You may notice swelling and heaviness in the affected limb or other body part, along with tightness and itching.


You may experience progressive swelling that causes significantly reduced mobility of the affected limb.


In advanced stages, lymphedema can cause recurrent skin infections, irreversible soft tissue swelling and, finally, hardening and thickening of the skin.


PRIMARY LYMPHEDEMA is due to failed or faulty development of lymph nodes and/or blood vessels and mainly affects women. This deficiency may be present at birth, but symptoms often appear later in life. Primary lymphedema most often occurs in the legs but can affect the entire body.

SECONDARY LYMPHEDEMA is typically caused by surgical removal, injury or destruction of the lymph nodes or of blood vessels as a complication of radiation treatment, or by a tropical parasitic infection called lymphatic filariasis (elephantiasis). It can also develop from a chronic overload of the lymphatic system due to recurrent skin infections, problems with blood vessels or obesity. Secondary lymphedema is most often localized to the body part with the absent or injured lymph nodes.

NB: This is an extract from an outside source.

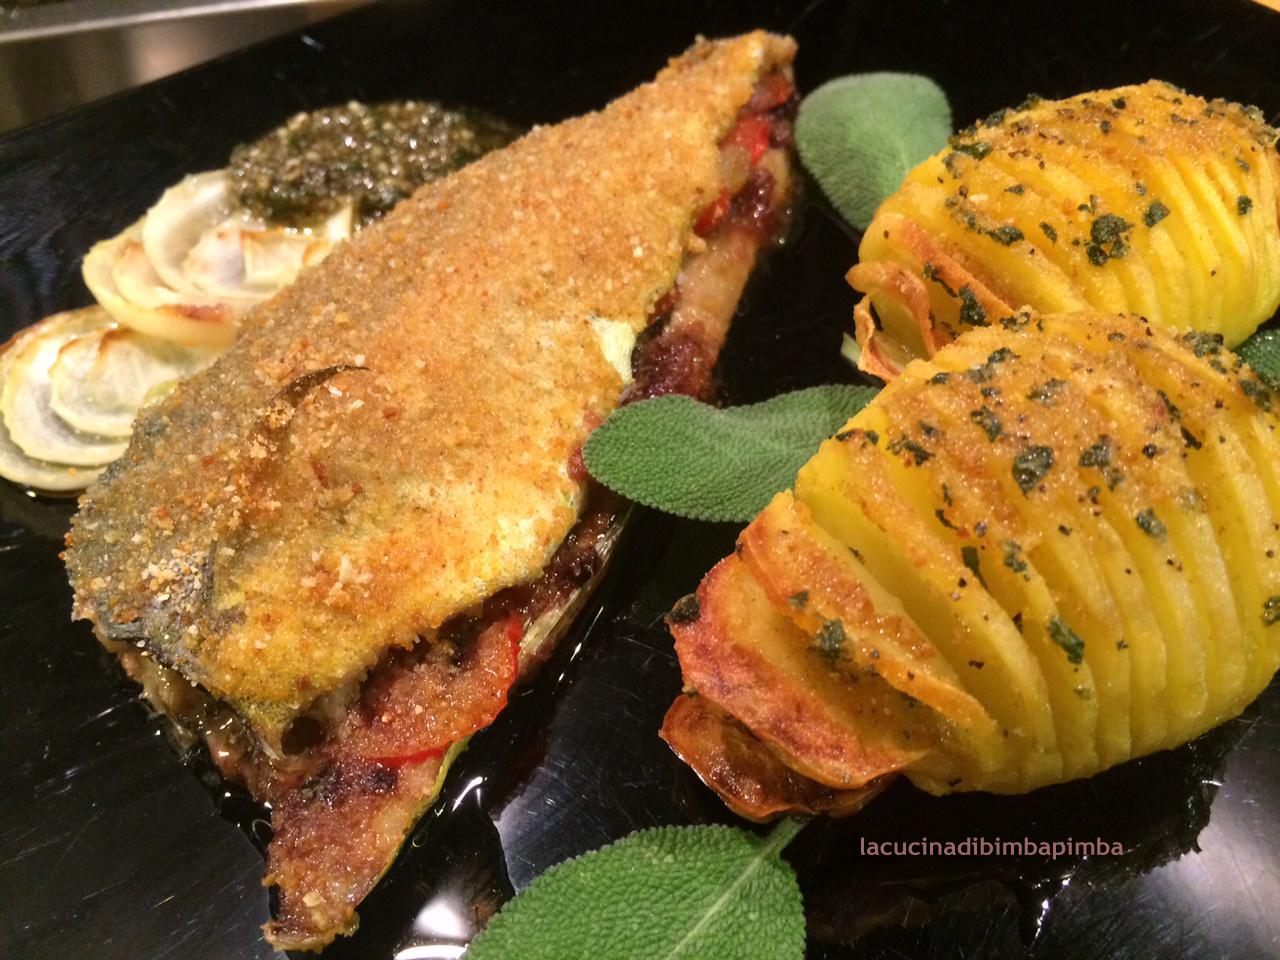 la cucina di bimba pimba: Filetti di Capone all'eoliana con ...

A history of painless leg swelling experienced as a teenager or at any age following removal or damage to lymph nodes may suggest lymphedema. A diagnosis can often be confirmed by a physical exam of the affected limb or body part. 

Tests may be needed 

Imaging of the lymphatic system through lymphoscintigraphy is sometimes performed to identify treatment options.


Early, aggressive treatment is the key to achieving long-term control of lymphedema.

At STAGE I, when there is “no permanent soft tissue changes,” swelling can be reversed by elevating the affected limb and by wearing compression garments.

At STAGE II, lymphedema requires treatment for relief of symptoms as some scarring has occurred in the affected tissues.

In STAGE III, when definite skin thickening and hardening have occurred, treatment consists of reduction and maintenance therapy.

  • REDUCTION THERAPY involves compression wrapping with low-stretch bandages worn 24 hours a day, supplemented with massage therapy and exercise.
  • MAINTENANCE THERAPY involves regular daytime use of compression garments and/or pneumatic compression sleeves that inflate and deflate to help propel lymphatic fluid.

In intractable cases, surgery to remove excess tissue or bypass obstructed lymph vessels may be considered, but results are mixed.

Staying Healthy

Here are ways to manage lymphedema: 

  • Wear compression garments and use prescribed pumps for the rest of your life. 
  • Elevate the affected limb. 
  • Exercise regularly at a moderate level while wearing compression garments. 
  • Eat a nutritious, balanced, low salt diet. 
  • Take good care of the skin on your affected limb or body part. 
    • Wear protective clothing to protect your skin from injury. 
    • Cleanse your skin and keep it well moisturized. 
    • Guard against infections and fungi.